▶ [What the task requires]
Copy exactly and only the lines running from the one that contains "Summer Candy Lines" to the final line of the data below, without the pictures.

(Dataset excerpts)
········
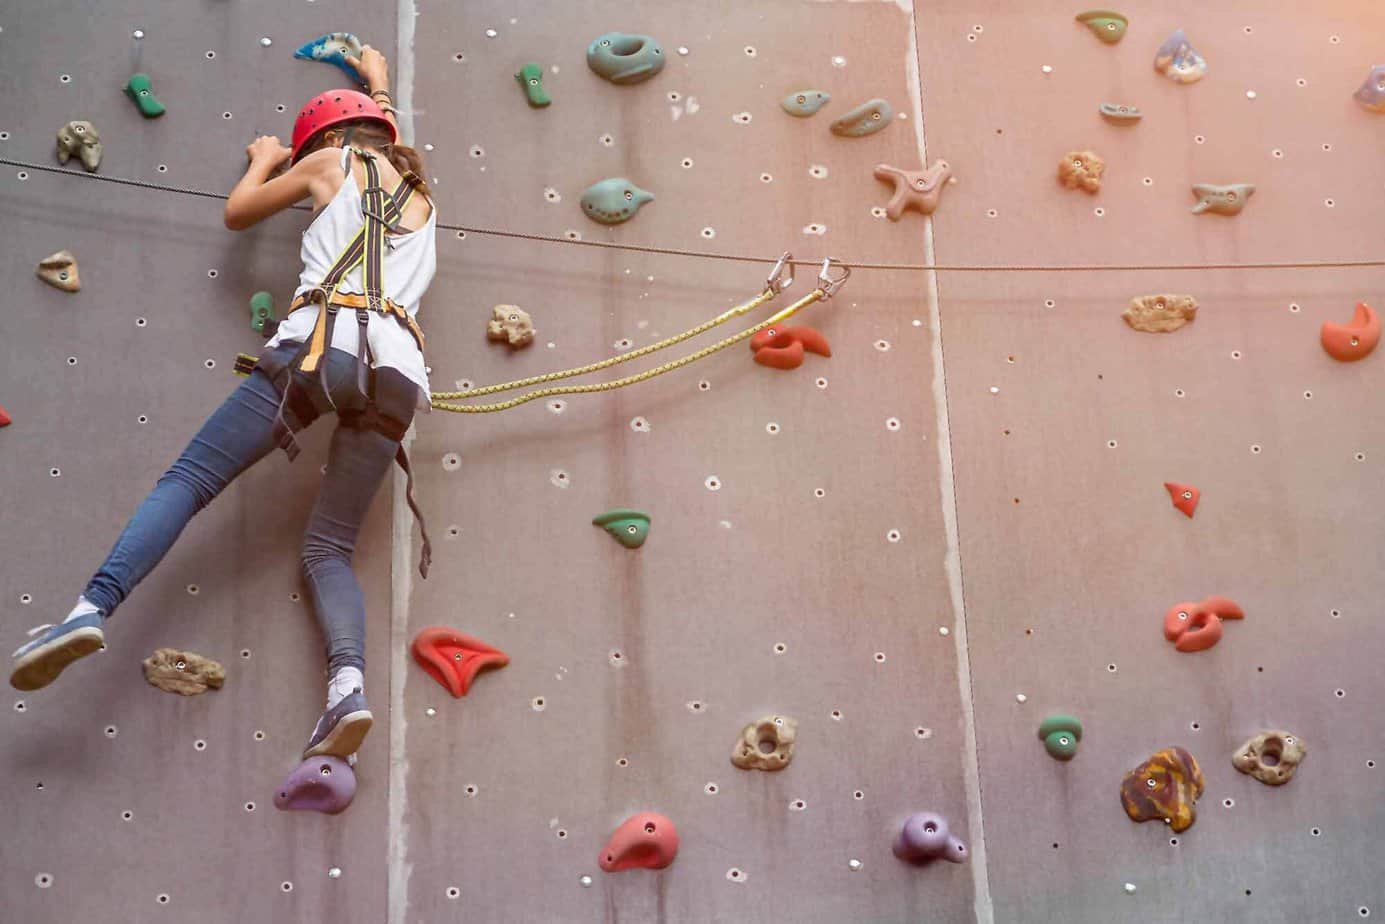 Woman rock climbing as part of adventure-based counseling at Mountainside in Canaan Connecticut
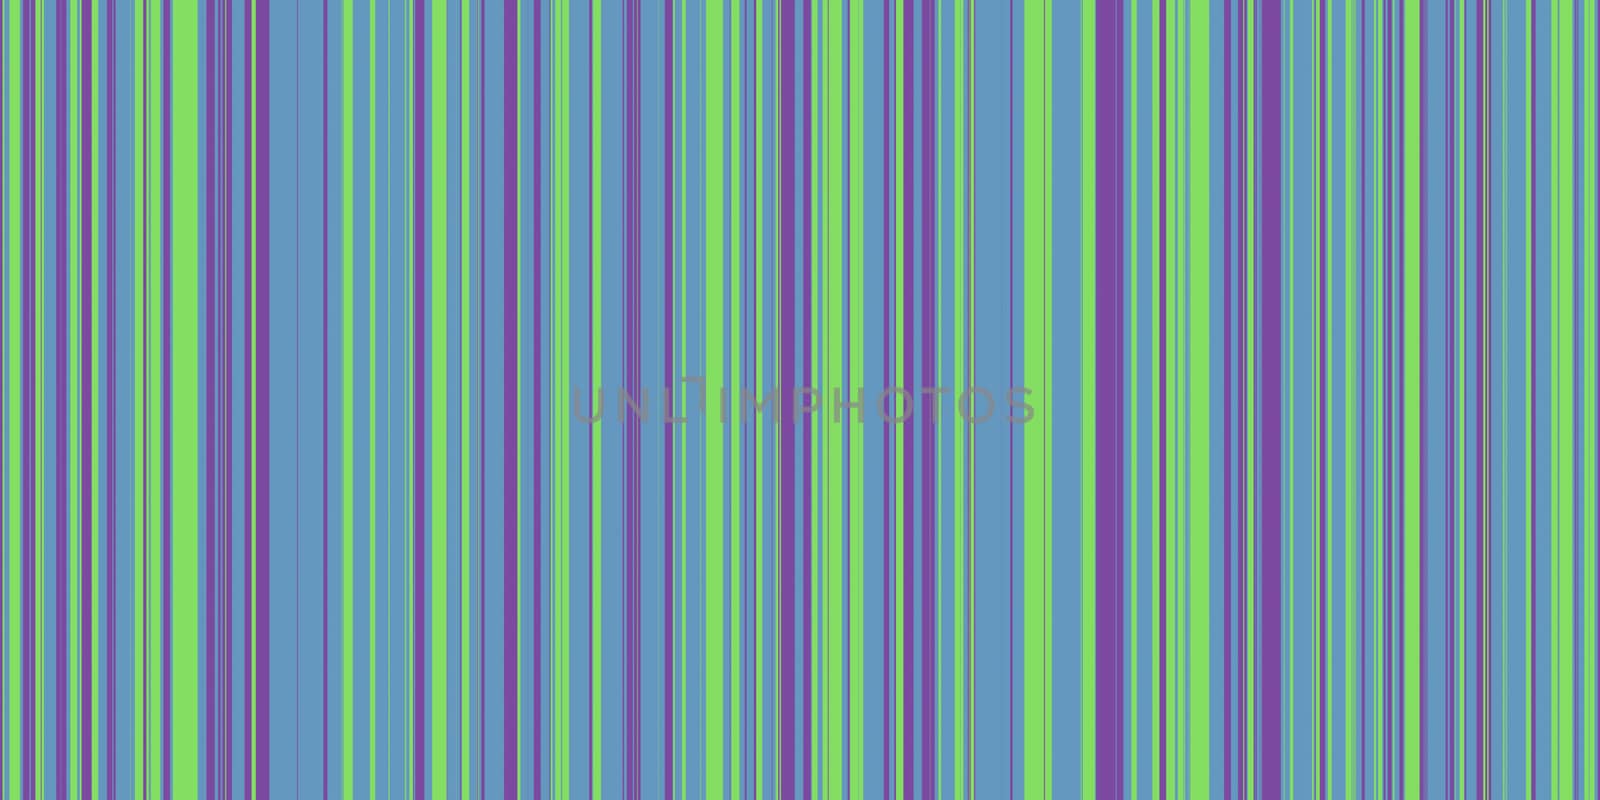 Summer Candy Lines Background. Random Striped Lines Backdrop. Colorful Stripes Texture.
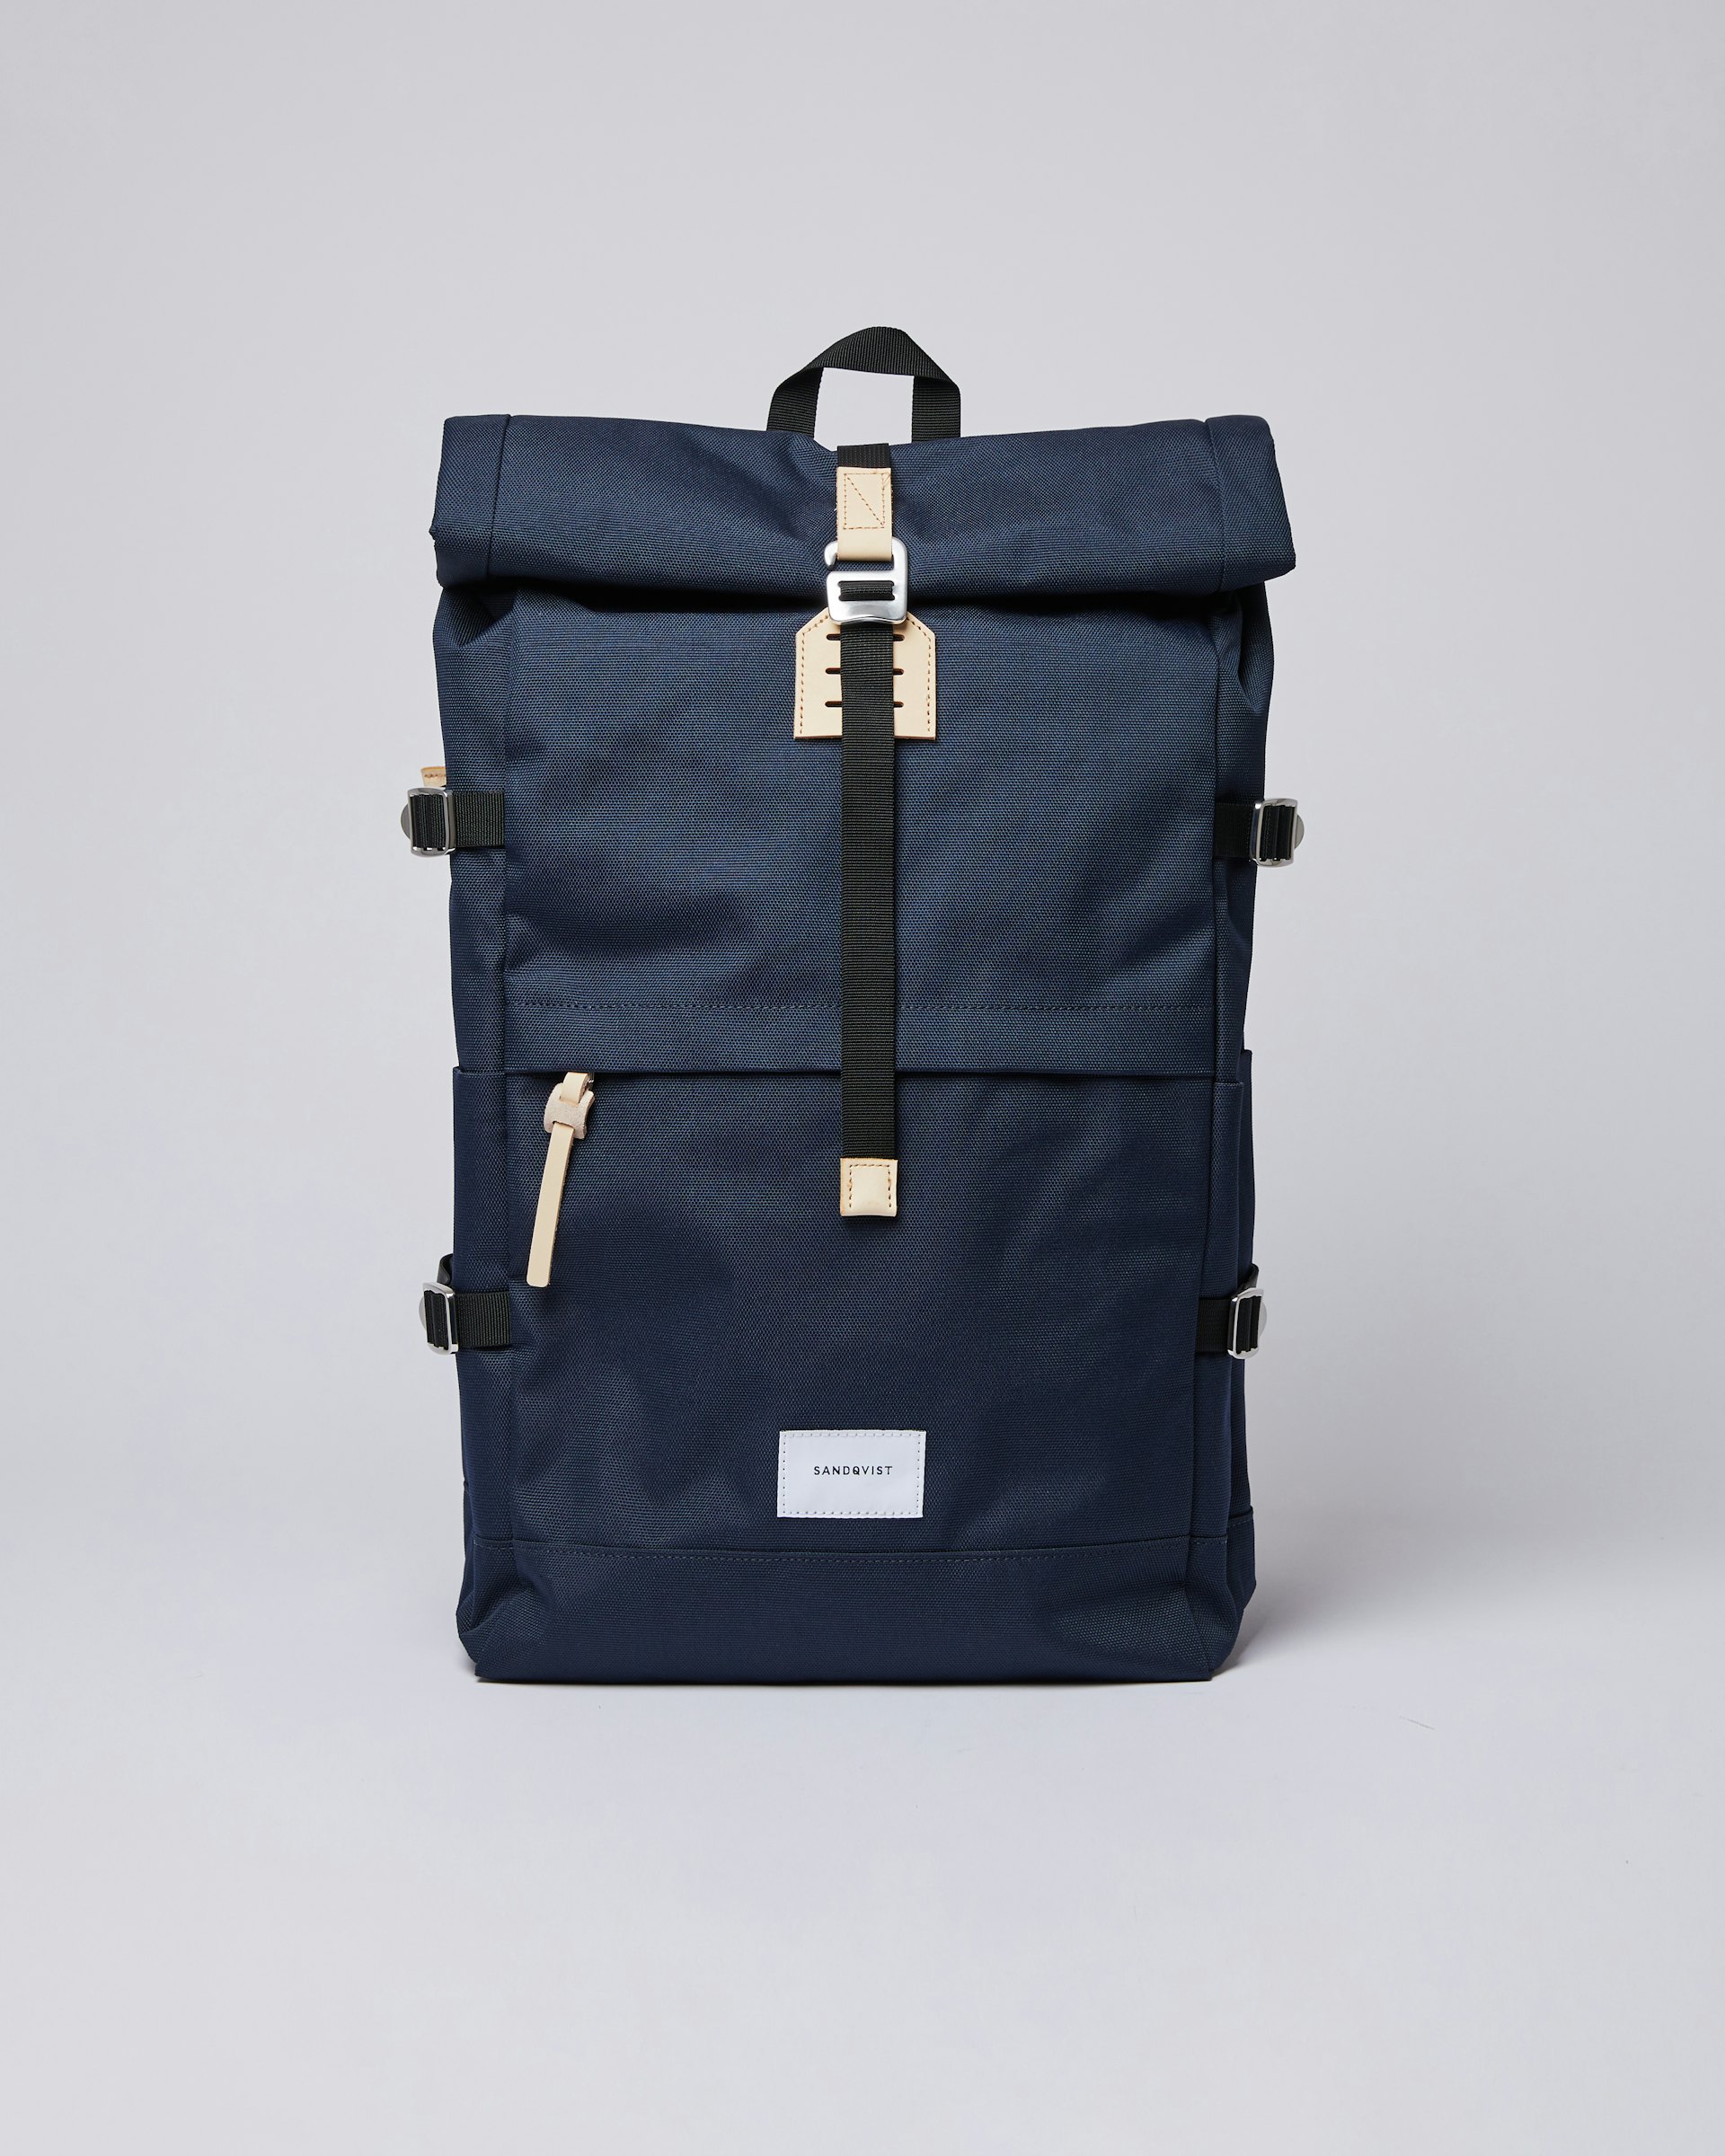 Bernt belongs to the category Sacs à dos and is in color navy
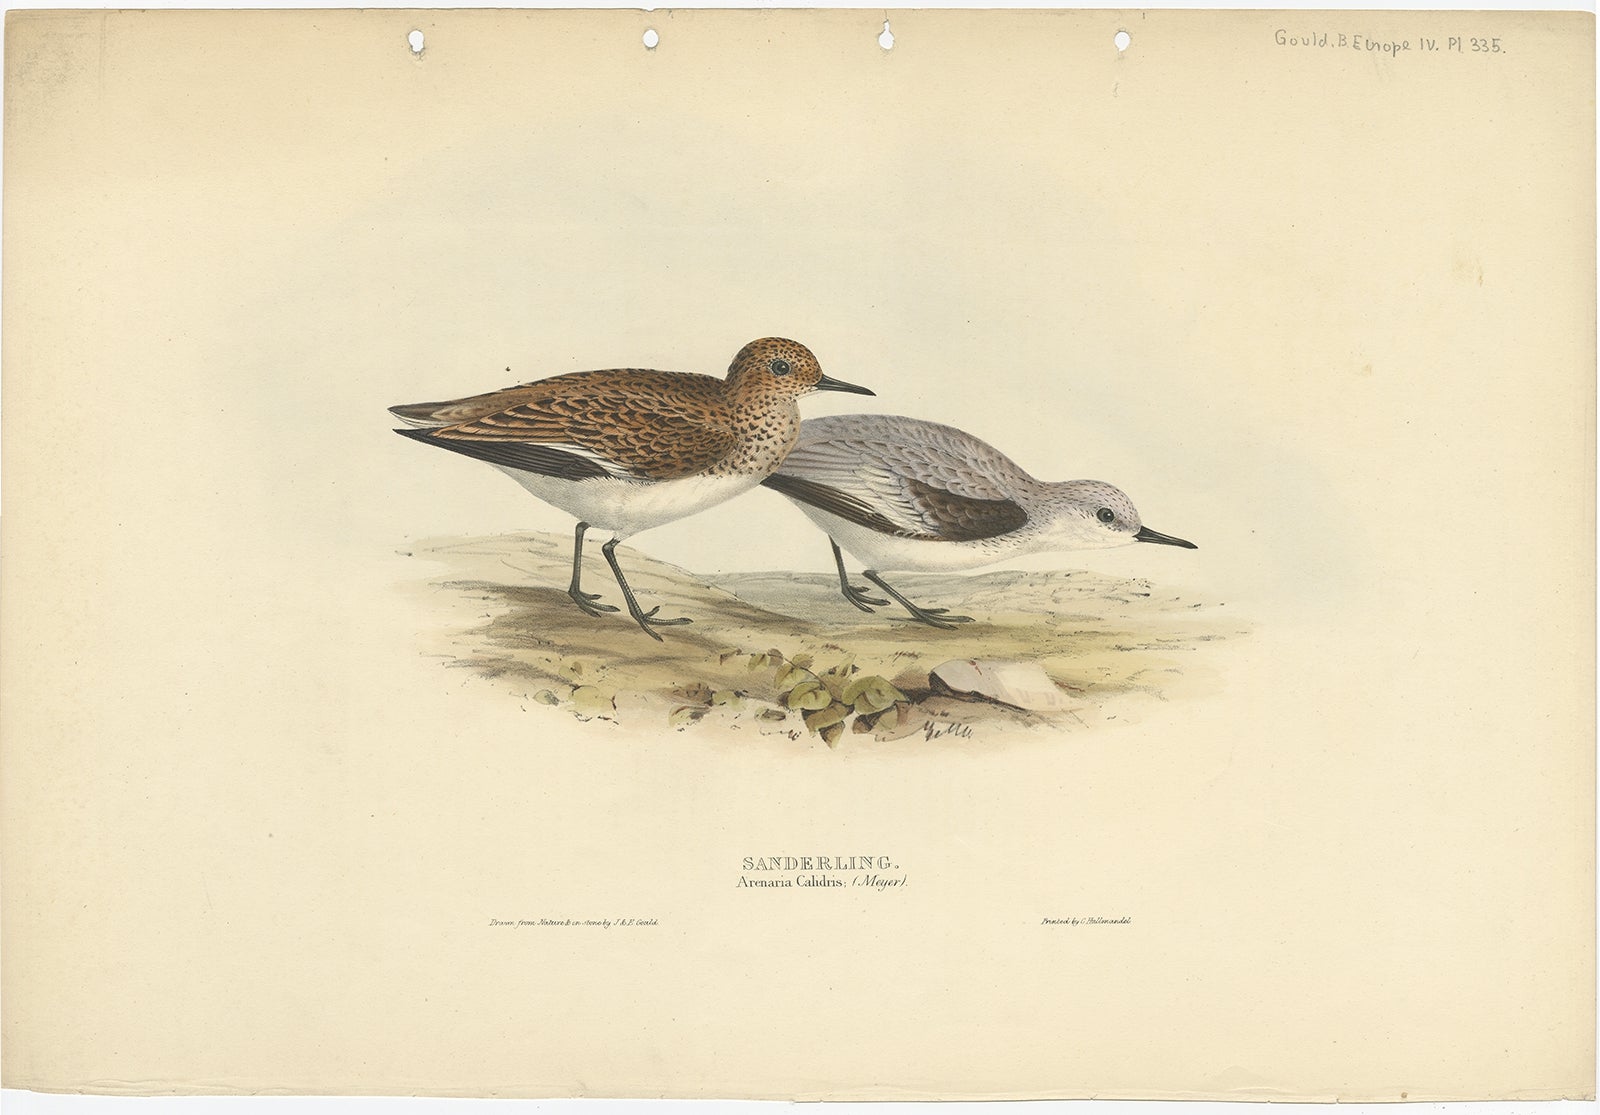 Antique bird print titled 'Sanderlingl'. Old bird print depicting the sanderling. This print originates from 'Birds of Europe' by J. Gould (1832-1837). 

The sanderling (Calidris alba) is a small wading bird. The name derives from Old English
········
▶ [Result of this task]
 Summer Candy Lines Background. Random Striped Lines Backdrop. Colorful Stripes Texture.
 Bernt belongs to the category Sacs à dos and is in color navy
 Antique bird print titled 'Sanderlingl'. Old bird print depicting the sanderling. This print originates from 'Birds of Europe' by J. Gould (1832-1837). 

The sanderling (Calidris alba) is a small wading bird. The name derives from Old English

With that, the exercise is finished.